While it might sound like The Onion lampooning Saudi authorities at first, the latest news about the Gulf kingdom training its religious police to fight against the dark arts is actually believable.
A UAE-based media website reports around 30 members of Saudi Arabia’s influential Commission for the Promotion of Virtue and Prevention of Vice — aka Haia or Hayaa — have completed a five-day course on how to combat magic at its headquarters situated in the capital Riyadh.
“They said the course covered theoretical and practical lessons on how to deal with magic, destroy black art work and identify magicians and sorcerers,” Emirates 24/7 reports.
As ridiculous as it may be, the country’s war on witchcraft is quite real — in fact, it’s nearly two centuries old.
Wahhabism is Saudi Arabia's dominant faith and as per this particular branch of Islam, sorcery — including performing of black magic, divination or astrology — is strictly forbidden.
It is punishable by death despite the fact that the country does not formally classify sorcery as a capital offense.
Even fiction based on magic is prohibited in the country. Case in point: The Harry Potter series by British writer J.K. Rowling was banned in early 2000s “due to objections claiming they contain an occult-Satanic theme, violence and have an anti-family attitude.”
A darker aspect of Saudi Arabia’s paranoia of the supernatural can be seen in the arrests of people accused of performing black magic.

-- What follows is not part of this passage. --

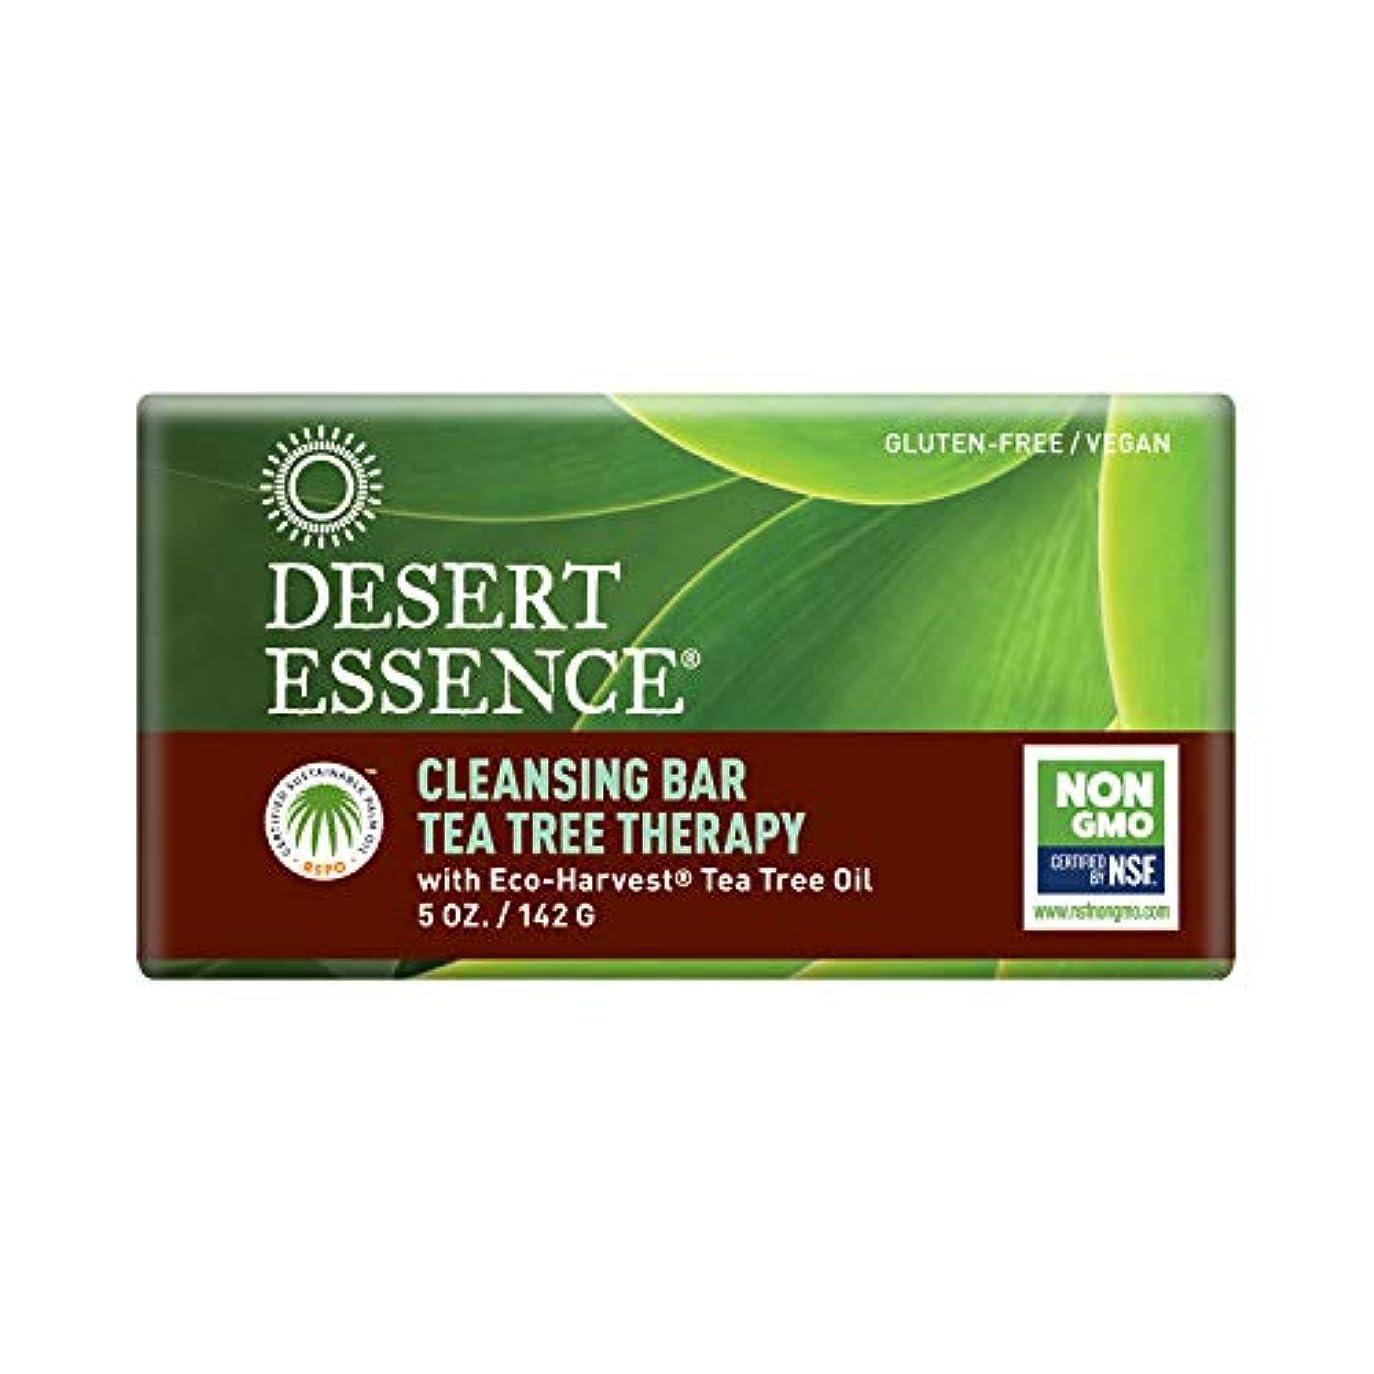 コントロール天井マニア海外直送品Desert Essence Tea Tree Therapy Cleansing Bar Soap, 5 oz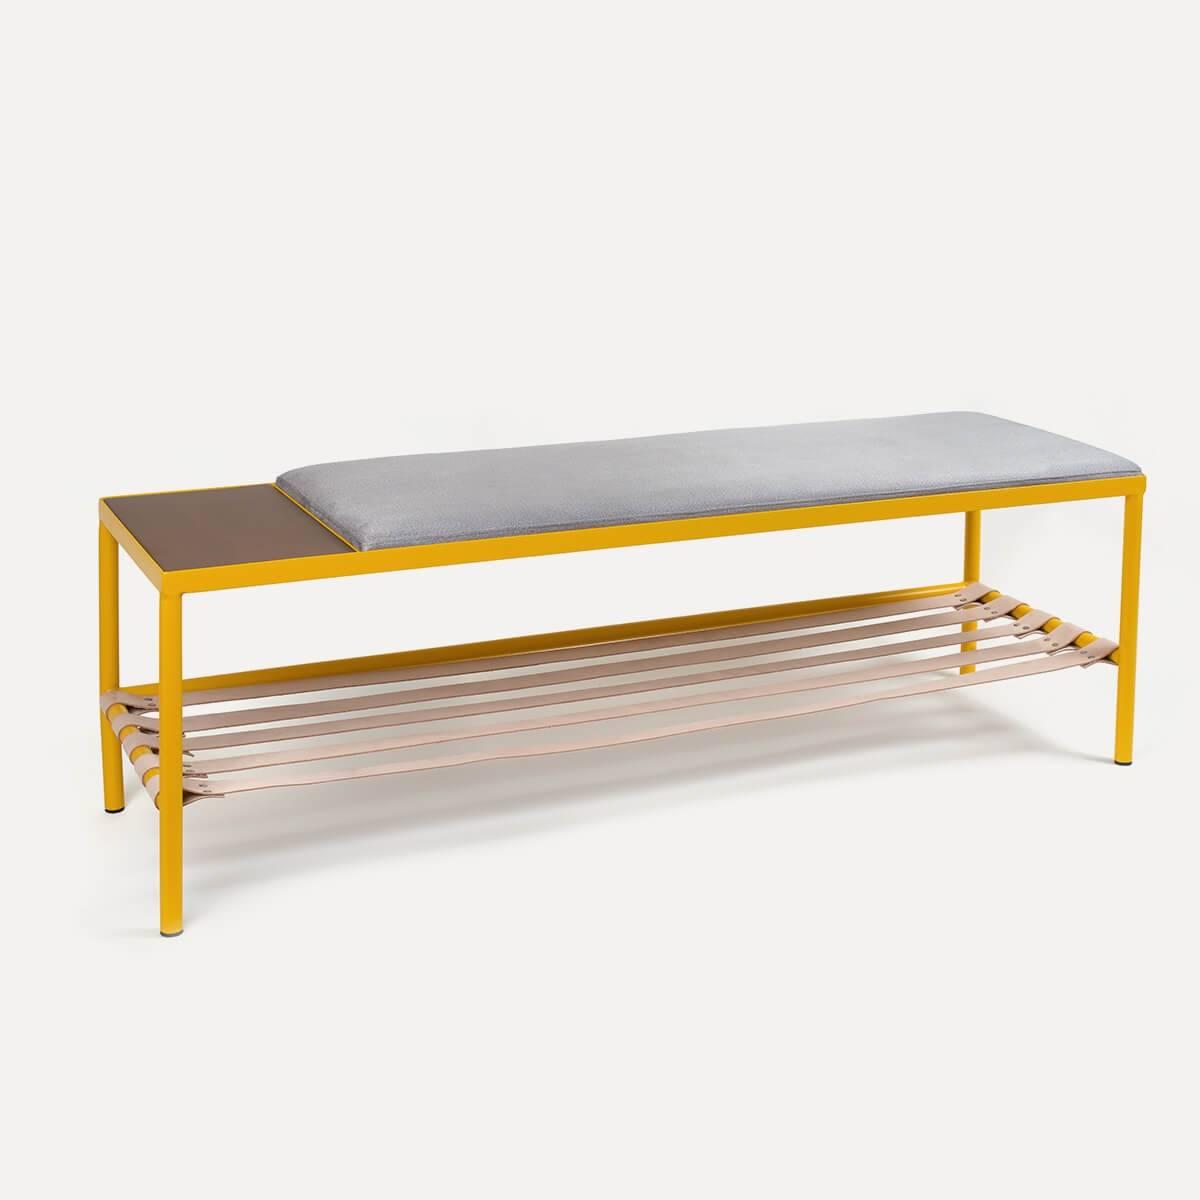 Banc BDC x KANN design - jaune (image n°2)

Writers and analysts have often pointed out how Saudi employers use accusations of magic as an excuse to fire or punish domestic workers.
“Many employers actually fear the (perceived?) occultism of their domestic workers, but often the accusation is nothing but a tool to have her removed from the household instantly. Magic accusations are often used to expel women who are perceived as creating problems,” writer Antoinette Vlieger noted in her book, “Domestic Workers in Saudi Arabia and the Emirates: A Socio-legal Study on Conflicts.”
Since there’s no reasonable way of knowing if a person has committed sorcery, Saudi authorities prosecute people on the basis of suspicion and judges – who are often just religious clerics with no understanding of the law whatsoever – “mete out capital punishments as they see fit,” according to the Atlantic.
International human rights have repeatedly condemned executions over allegations of sorcery but Saudi Arabia hasn’t budged once and continues to wage its so-called war on witchcraft.